Re: [PATCH bpf-next v1 1/9] bpf: Add mkdir, rmdir, unlink syscalls for prog_bpf_syscall

From: Al Viro <viro@zeniv.linux.org.uk>
To: Hao Luo <haoluo@google.com>
Cc: Alexei Starovoitov <ast@kernel.org>,
	Andrii Nakryiko <andrii@kernel.org>,
	Daniel Borkmann <daniel@iogearbox.net>,
	Martin KaFai Lau <kafai@fb.com>, Song Liu <songliubraving@fb.com>,
	Yonghong Song <yhs@fb.com>, KP Singh <kpsingh@kernel.org>,
	Shakeel Butt <shakeelb@google.com>,
	Joe Burton <jevburton.kernel@gmail.com>,
	Tejun Heo <tj@kernel.org>,
	joshdon@google.com, sdf@google.com, bpf@vger.kernel.org,
	linux-kernel@vger.kernel.org
Subject: Re: [PATCH bpf-next v1 1/9] bpf: Add mkdir, rmdir, unlink syscalls for prog_bpf_syscall
Date: Sat, 12 Mar 2022 03:46:37 +0000	[thread overview]
Message-ID: <YiwXnSGf9Nb79wnm@zeniv-ca.linux.org.uk> (raw)
In-Reply-To: <20220225234339.2386398-2-haoluo@google.com>

On Fri, Feb 25, 2022 at 03:43:31PM -0800, Hao Luo wrote:
> This patch allows bpf_syscall prog to perform some basic filesystem
> operations: create, remove directories and unlink files.
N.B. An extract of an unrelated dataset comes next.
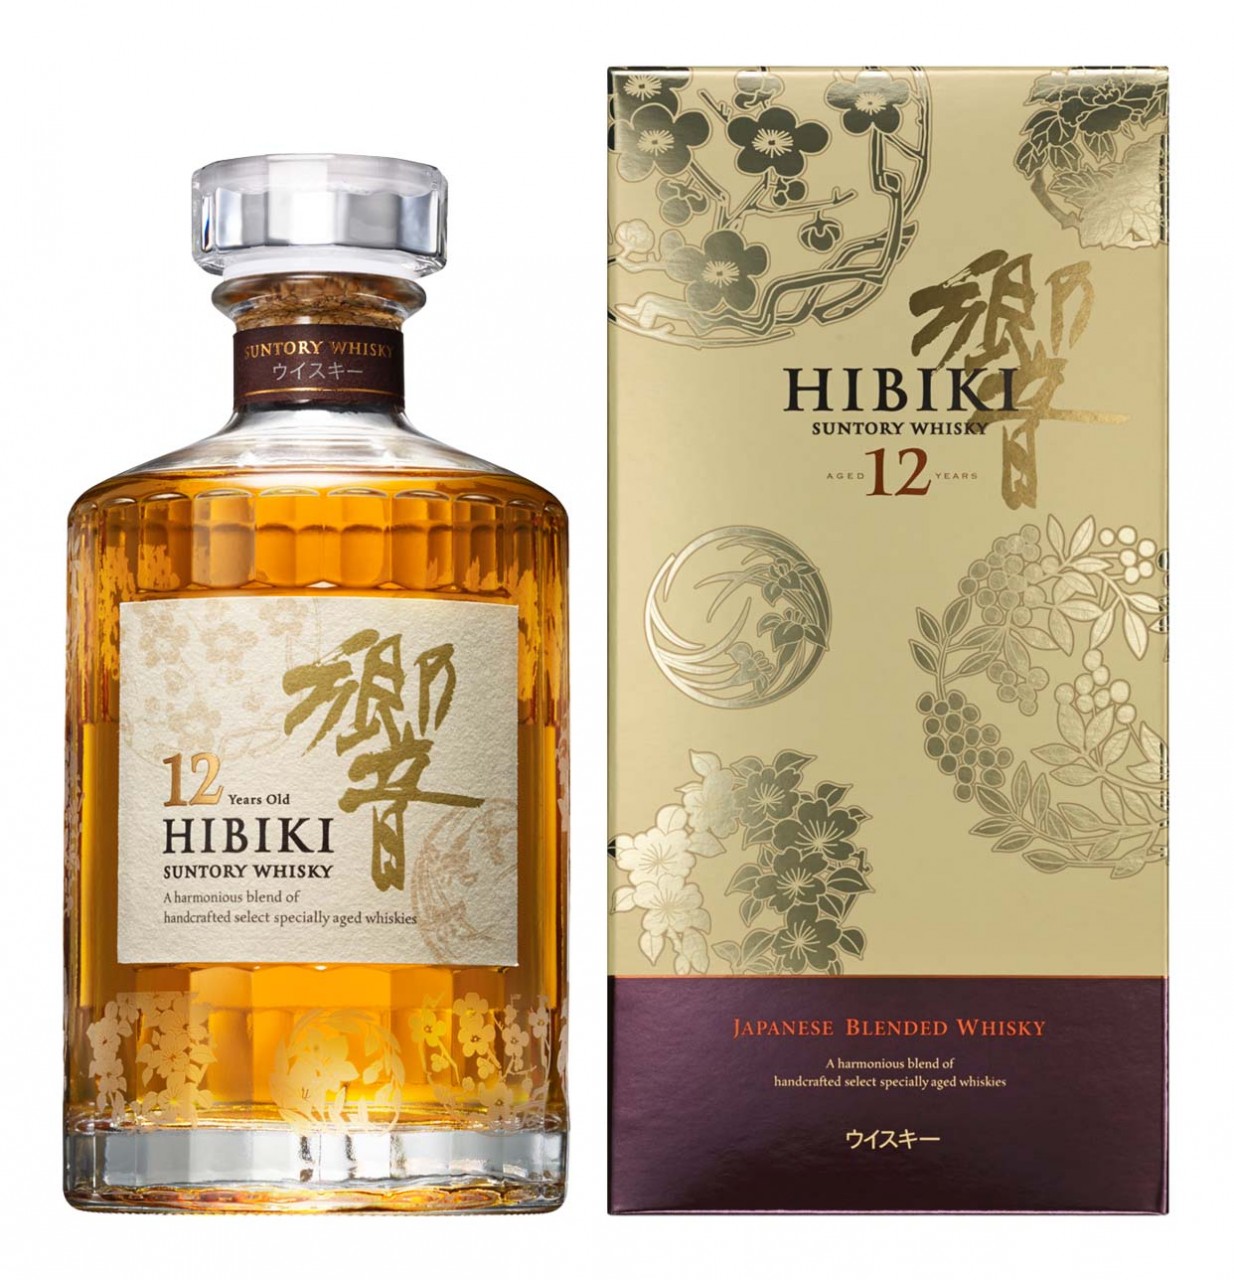 Suntory Hibiki 12Y Whisky special edition 三得利 響 12年花烏風月特別版

Three bpf
> helpers are added for this purpose. When combined with the following
> patches that allow pinning and getting bpf objects from bpf prog,
> this feature can be used to create directory hierarchy in bpffs that
> help manage bpf objects purely using bpf progs.
> 
> The added helpers subject to the same permission checks as their syscall
> version. For example, one can not write to a read-only file system;
> The identity of the current process is checked to see whether it has
> sufficient permission to perform the operations.
> 
> Only directories and files in bpffs can be created or removed by these
> helpers. But it won't be too hard to allow these helpers to operate
> on files in other filesystems, if we want.
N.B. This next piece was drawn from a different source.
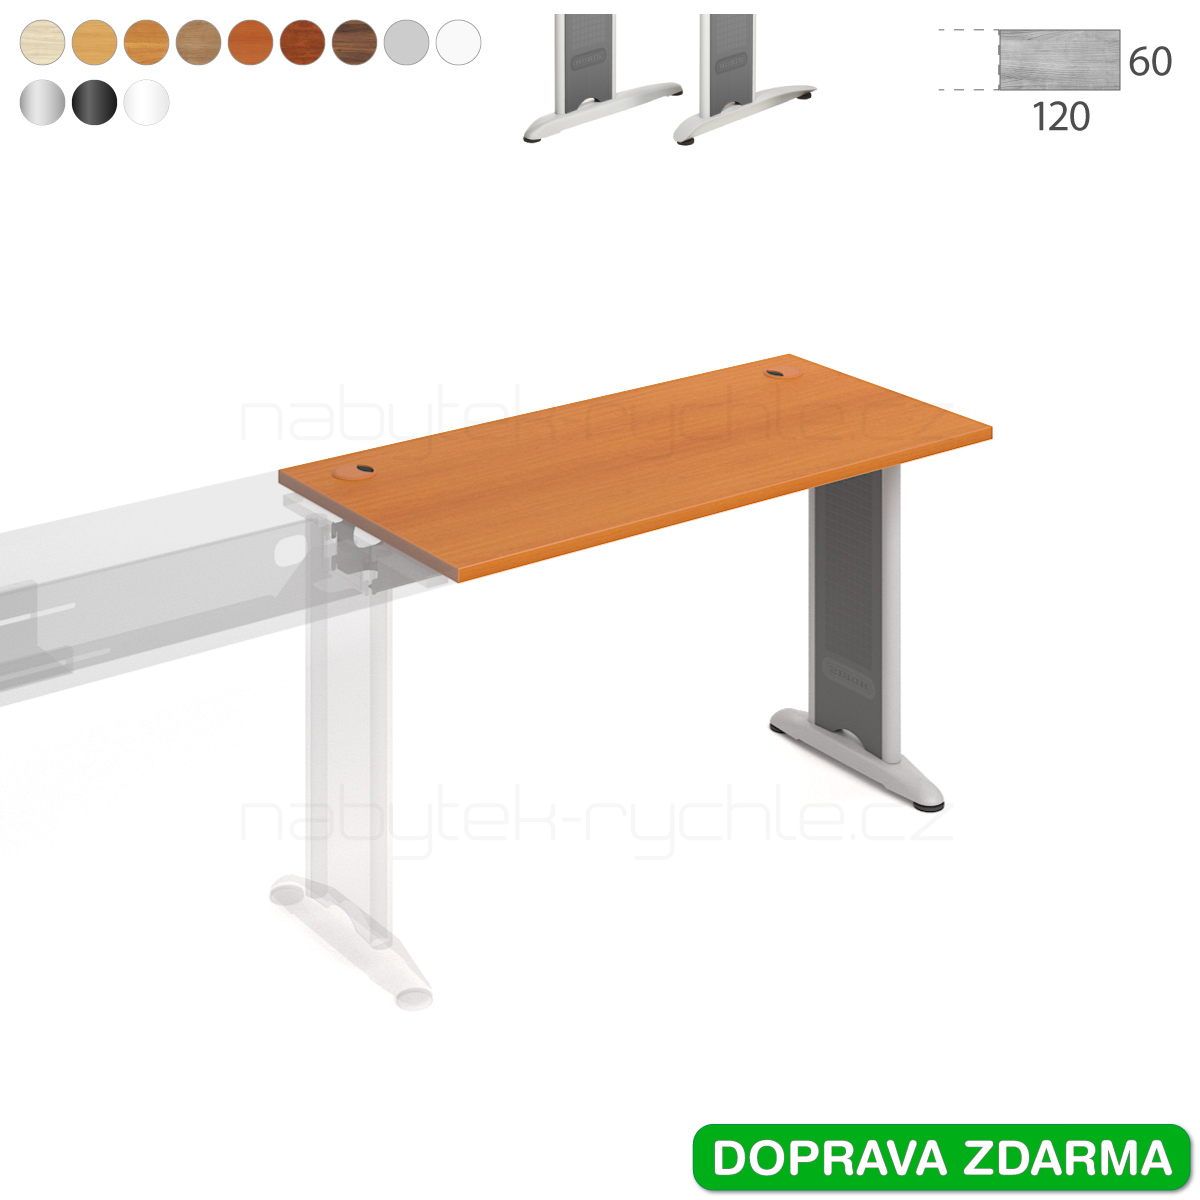 FE 1200 R Hobis Flex - Stůl 120 x 60 navazující

In which contexts can those be called?

> +BPF_CALL_2(bpf_rmdir, const char *, pathname, int, pathname_sz)
> +{
> +	struct user_namespace *mnt_userns;
> +	struct path parent;
> +	struct dentry *dentry;
> +	int err;
> +
> +	if (pathname_sz <= 1 || pathname[pathname_sz - 1])
> +		return -EINVAL;
> +
> +	err = kern_path(pathname, 0, &parent);
> +	if (err)
> +		return err;
> +
> +	if (!bpf_path_is_bpf_dir(&parent)) {
> +		err = -EPERM;
> +		goto exit1;
> +	}
> +
> +	err = mnt_want_write(parent.mnt);
> +	if (err)
> +		goto exit1;
> +
> +	dentry = kern_path_locked(pathname, &parent);

This can't be right.  Ever.  There is no promise whatsoever
that these two lookups will resolve to the same place.
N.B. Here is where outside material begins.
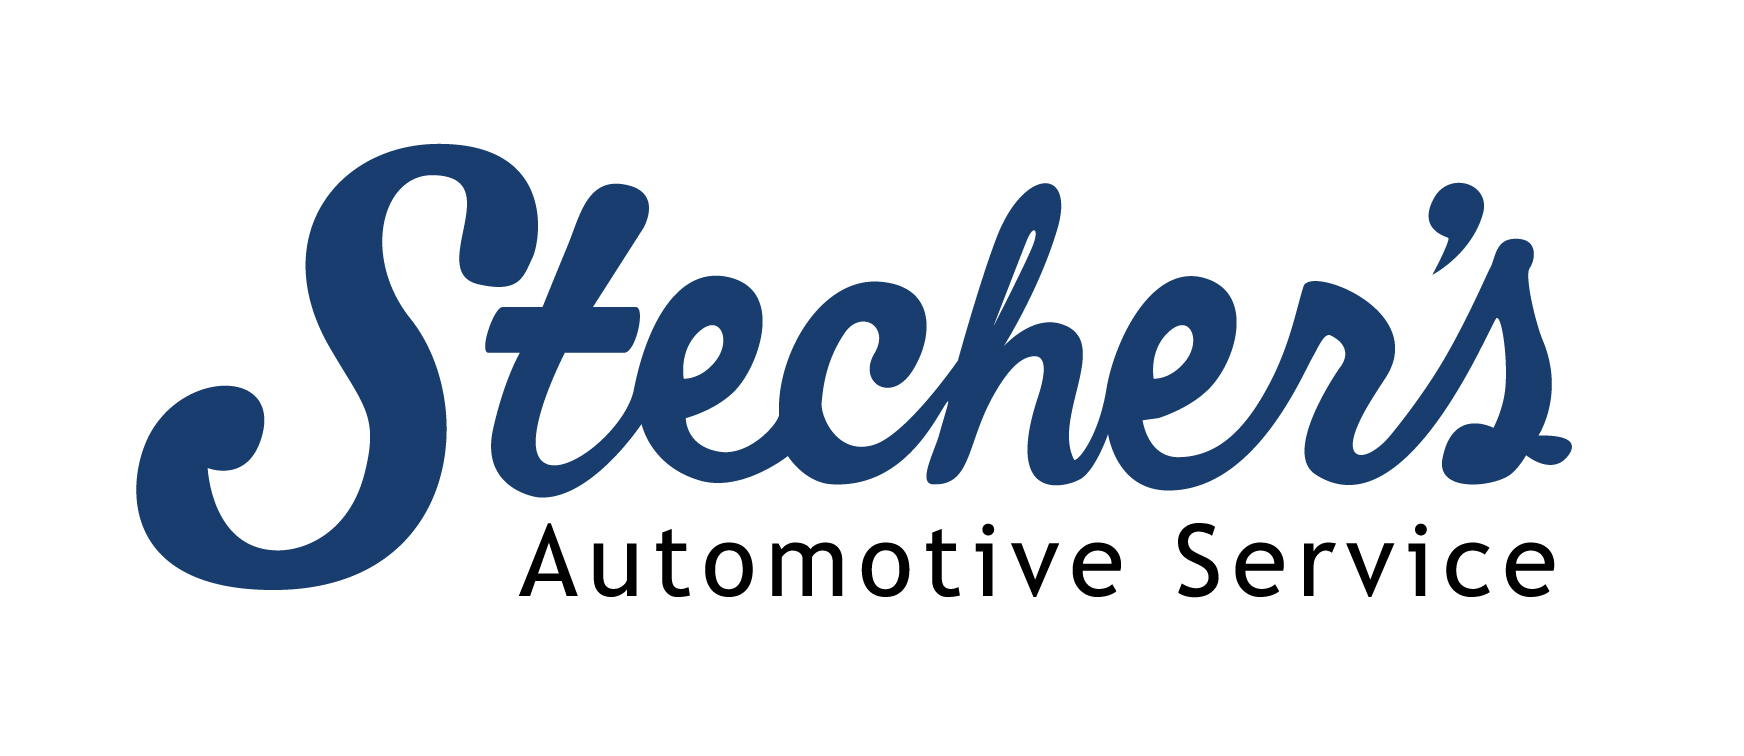 stecher's logo

> +BPF_CALL_2(bpf_unlink, const char *, pathname, int, pathname_sz)
> +{
> +	struct user_namespace *mnt_userns;
> +	struct path parent;
> +	struct dentry *dentry;
> +	struct inode *inode = NULL;
> +	int err;
> +
> +	if (pathname_sz <= 1 || pathname[pathname_sz - 1])
> +		return -EINVAL;
> +
> +	err = kern_path(pathname, 0, &parent);
> +	if (err)
> +		return err;
> +
> +	err = mnt_want_write(parent.mnt);
> +	if (err)
> +		goto exit1;
> +
> +	dentry = kern_path_locked(pathname, &parent);
> +	if (IS_ERR(dentry)) {
> +		err = PTR_ERR(dentry);
> +		goto exit2;
> +	}

Ditto.  NAK; if you want to poke into fs/namei.c guts, do it right.
Or at least discuss that on fsdevel.  As it is, it's completely broken.
It's racy *and* it blatantly leaks both vfsmount and dentry references.

NAKed-by: Al Viro <viro@zeniv.linux.org.uk>